Dormiu com algum macho, sabe-se lá onde! Aposto que ele não quis assumir... E
como ela não tem onde cair morta... Pediu a ele pra tirar... Tá tudo explicado,
Doutor.
-Por favor... Não
tire conclusões precipitadas. Sua filha pode ser uma vítima...
-A vítima sou eu!
Eu que me matei de trabalhar pra sustentar essa menina, paguei despesa, fiz
dívida pros estudos dela... E Lívia me aparece grávida? Esse meu castigo
ninguém consegue explicar.
-Em vez de ficar
culpando sua filha sem saber o que houve, deveria torcer pela recuperação dela.
-E se ela não
voltar? Se ela não acordar mais?
-Isso só vamos
saber com o tempo!
-Quanto, Doutor??????
-Não sei. Tudo que
eu queria era poder ter essa informação agora.
-Grávida... E à beira
da morte.
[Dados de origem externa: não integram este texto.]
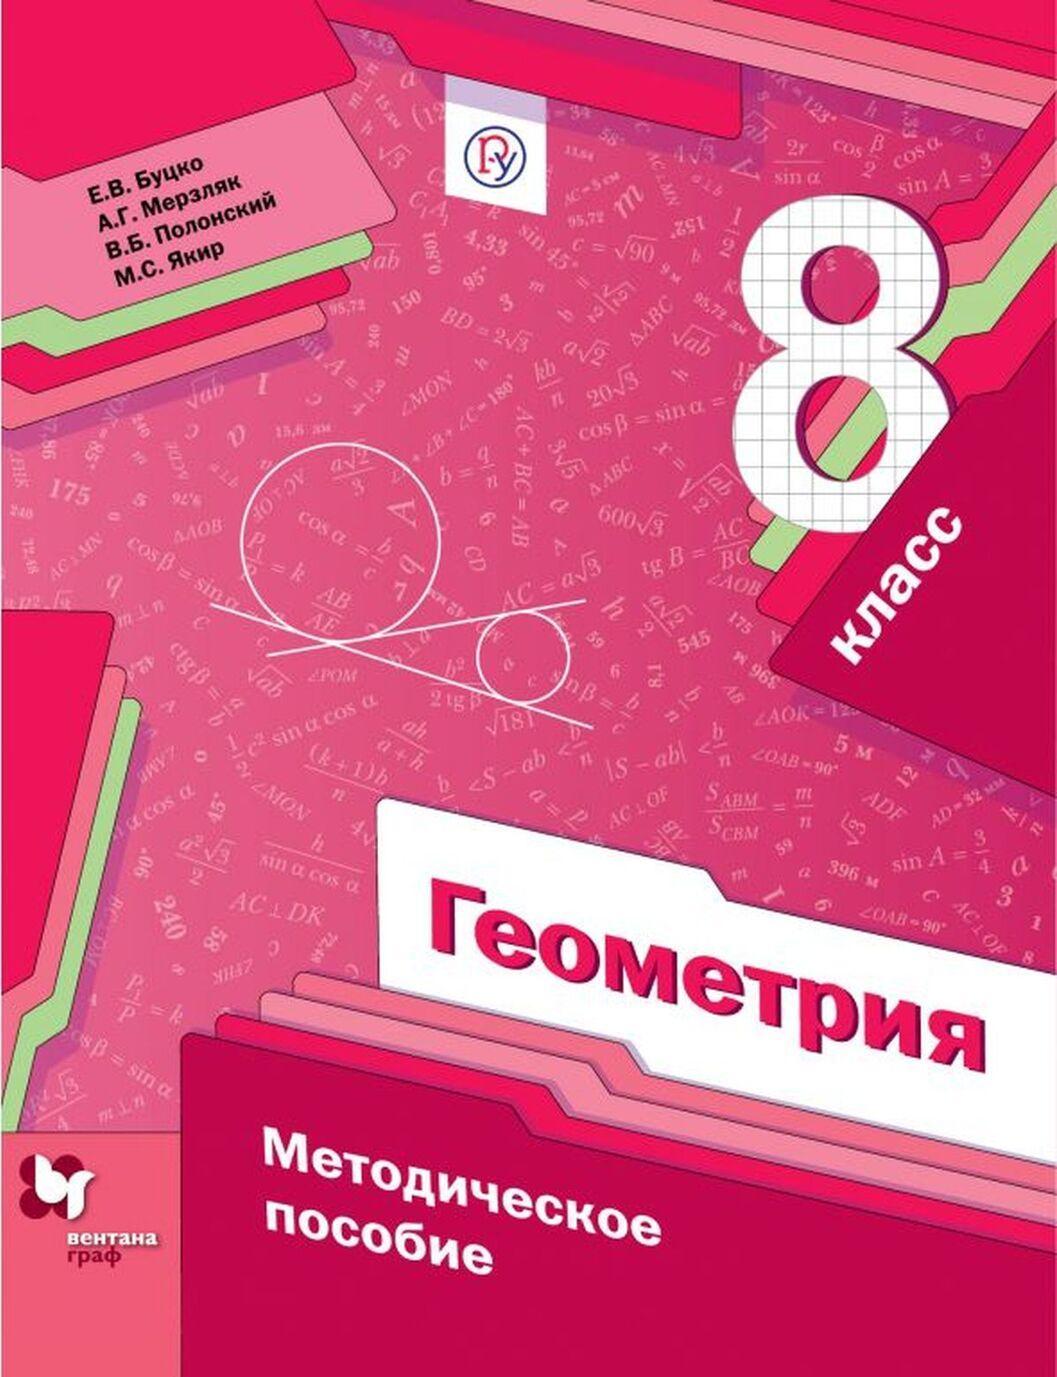 Geometrija. 8klass. Metodicheskoe posobie | Butsko Elena Vladimirovna, Jakir Mikhail Semenovich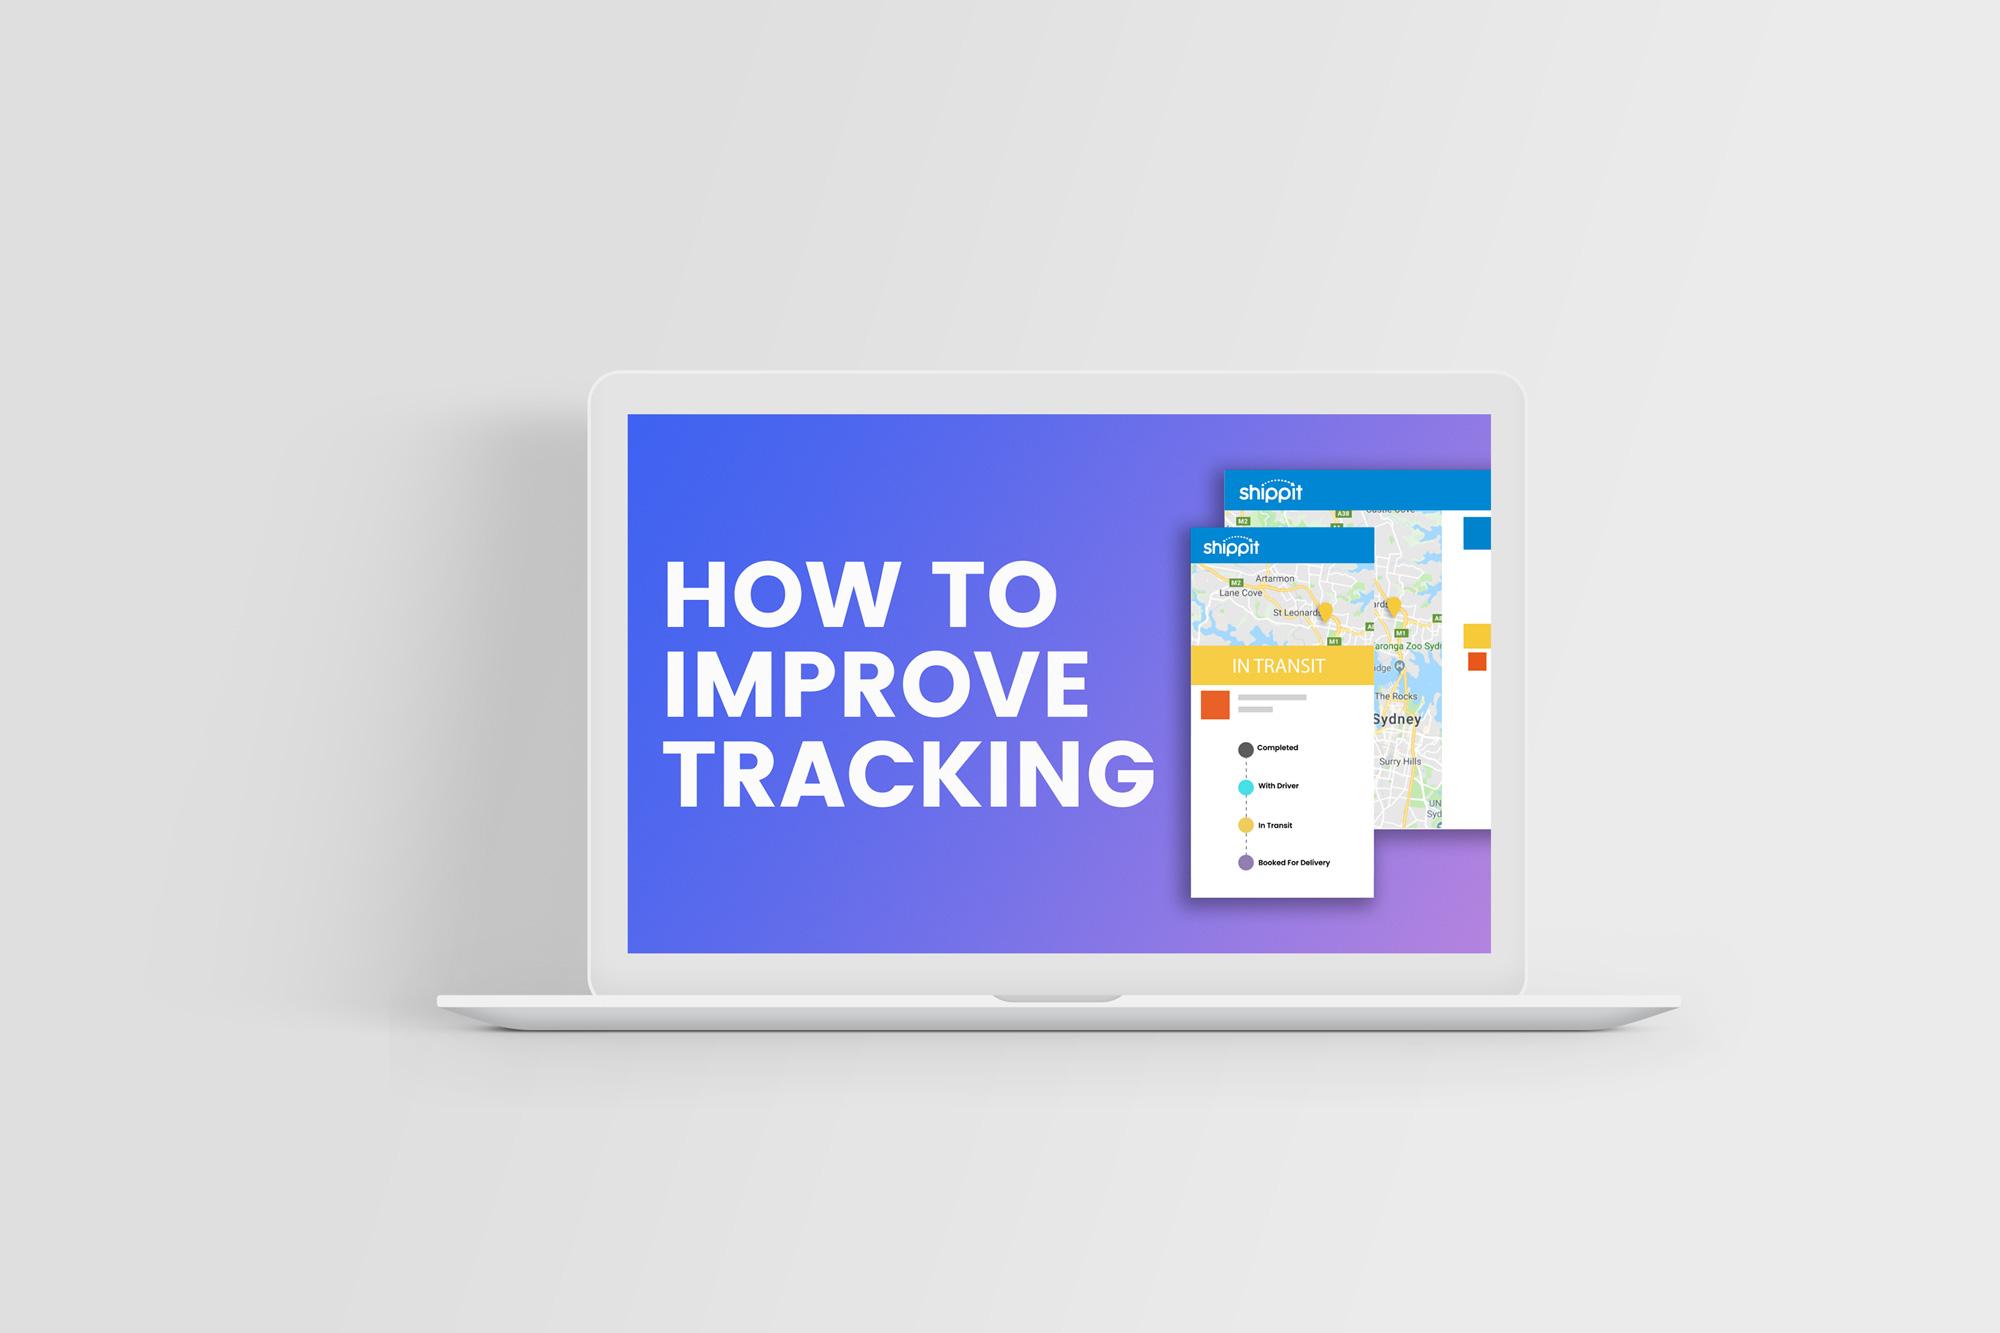 Better Tracking | Shippit

Tudo por causa de um homem.
-Eu... –pigarreia-
Vou levar a senhora pra ver a Lívia.
Rafael e Heloísa
saem devagar do consultório e vão até a enfermaria onde Lívia está dormindo. A
mãe repete várias vezes o nome da filha, na esperança de acordá-la. O médico
responsável pela internação a tira daquele lugar, e ela não consegue esboçar outra
reação a não ser o choro compulsivo de uma batalha quase perdida.
/////
No dia seguinte,
Karen volta de uma caminhada pela praia e entra no prédio, com vontade de tomar
uma chuveirada. Homero a alcança antes de pegar o elevador.
-Karen! Não sobe
agora!
-Pastor? O que foi?
-Ainda bem que eu
te encontrei. Tava mesmo querendo falar com você.
-A essa hora? Por
quê? O que foi que houve?
-Toni, que é DJ do
ministério jovem da minha igreja, me ligou ontem pedindo que eu intercedesse
com orações pela vida de Lívia.
-Lívia? A minha
amiga Lívia? Mas o que foi que houve?
-Como assim? Você
não sabe ainda?
-Saber do quê, Pastor?
-Lívia está internada
em estado grave.
Karen fica em
estado de choque com a notícia dada por Homero.